Päiviö Maurice Omwami is a curator and philosopher who works as an exhibition curator at the Finnish Museum of Photography. In addition to working in the fields of photography and culture, Omwami researches race and racism, particularly from the perspective of whiteness. Critical philosophy of race, postcolonial theory, and afropessimism, as well as research on structural oppression and political theory, are among Omwami's key areas of interest. Omwami has served on the board of Tutkijaliitto since 2023.

Päiviö Maurice Omwami. Photo: Kerttu Malinen.
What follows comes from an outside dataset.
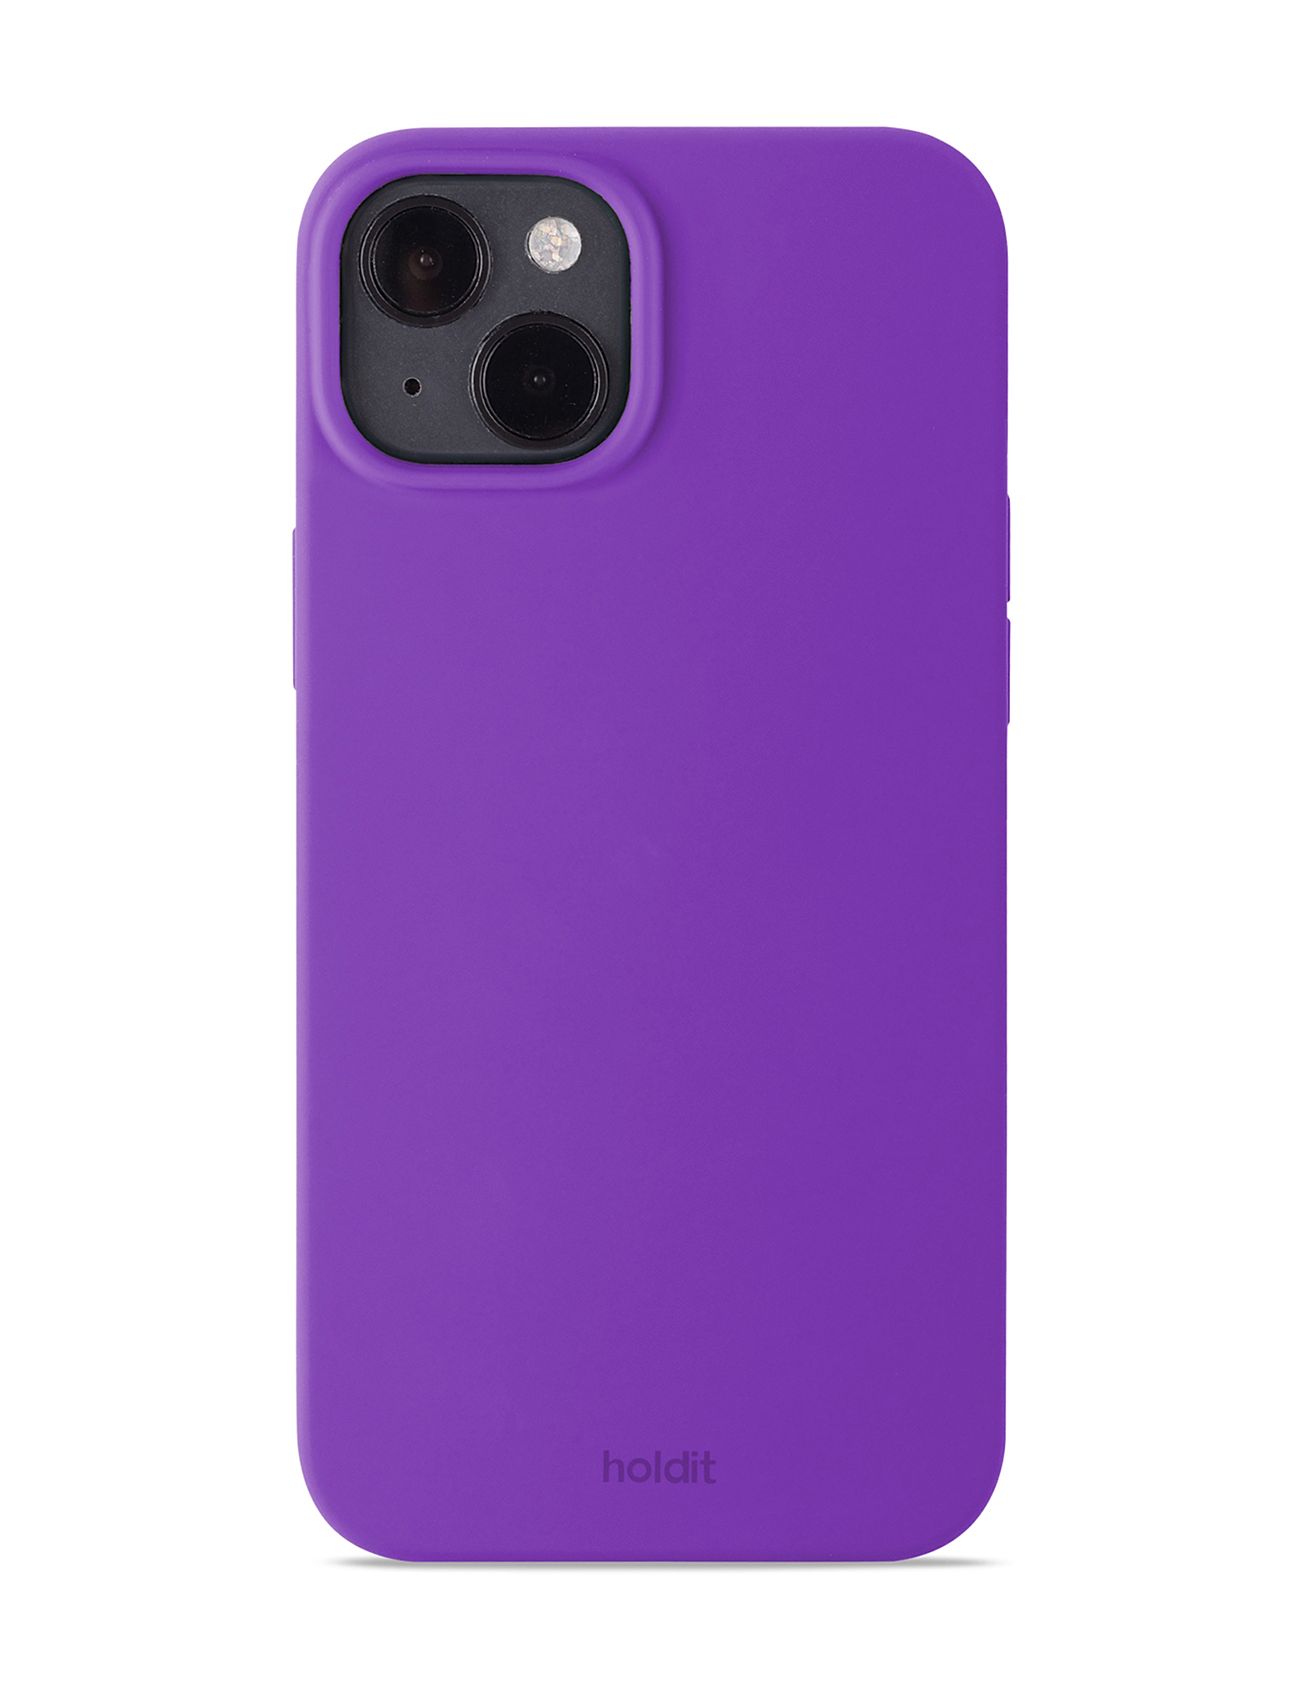 Silic Case Iph 14 Plus Mobilaccessory-covers Ph Cases Purple Holdit
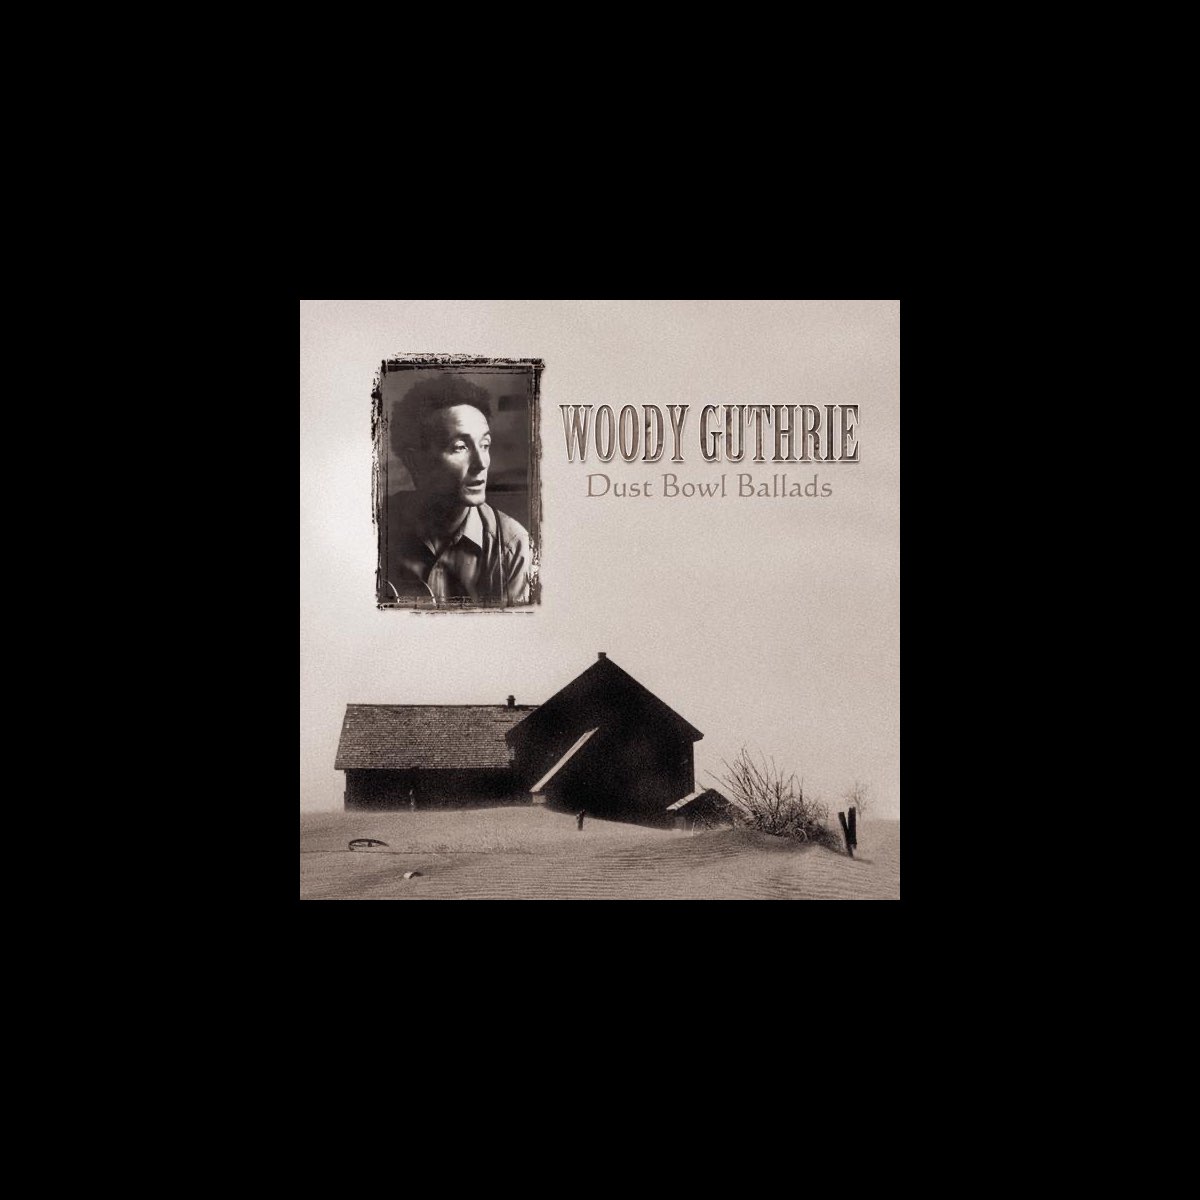 Dust Bowl Ballads - Album by Woody Guthrie - Apple Music

Sasha Huber is a Helsinki-based, internationally recognised, multidisciplinary visual artist of Swiss-Haitian heritage. Huber’s work is concerned with the politics of memory, care, and belonging in relation to colonial residues left in the environment. Her signature working method is the staple gun. While being aware of its symbolic significance as a weapon, it offers her the potential to renegotiate unequal power dynamics, and a possibility of repair, of symbolically stitching together colonial wounds. She holds an MA in visual culture from Aalto University in Helsinki and is presently undertaking a practice-based PhD in artistic research at the Zurich University of the Arts. Huber also works in a creative partnership with visual artist Petri Saarikko with the ongoing project Remedies. From 2021–24 her work has been touring under the title “You Name It” which was circulated by The Power Plant Contemporary Art Gallery in Toronto.
https://www.sashahuber.com/

Sasha Huber. Photo: Kai Kuusisto.

Vishnu Vardhani Rajan (they/ them) born and raised in Hyderabad, India, is a Helsinki based artist and activist working across media, platforms and publics. Their practice straddles performance, film, stand-up comedy, poetry, quilting and drag. In 2020 Vishnu was one of the co-conveners for a covid-era online reading group on Russell’s first publication Glitchfeminism and went on to form part of a working group for its translation into Finnish (2022). Vishnu’s platform Convivial Complaint Cell (CCC), will be mobilised as part of the reading group for Black Meme. Inspired by the ideas of theorist Sara Ahmed on complaint making as diversity work, the reading group is held by CCC’s feminist interventions and accountability taking processes for community building.
https://www.vishnuvardhani.com/

Helen Kaplinsky (she/her) is a curator and writer based between Finland and the UK. Over the past decade her projects have spanned questions of postdigital identity, femininity and ownership. She is currently undertaking a PhD developing curatorial practice and scholarship on feminine, often monstrous historical subjects in contemporary art, that she terms ‘protofeminisms’. She has curated several projects involving cyberfeminism and its inheritances in current feminist art practice. The 2017 Alembic programme included the commissioning of Russell’s essay ‘On #GLITCHFEMINISM and The Glitch Feminism Manifesto’, which preceded the Glitchfeminism monograph and can be read here: https://beingres.org/2017/10/17/legacy-russell/


Museum of Impossible Forms - A reading group for the publication has been taking place at MIF, prior to this book launch event. MIF is a cultural center and the coming together of communities of art and cultural workers working to build anti-colonial, anti-patriarchal, and non-fascist commitments and futures. It is located in East Helsinki.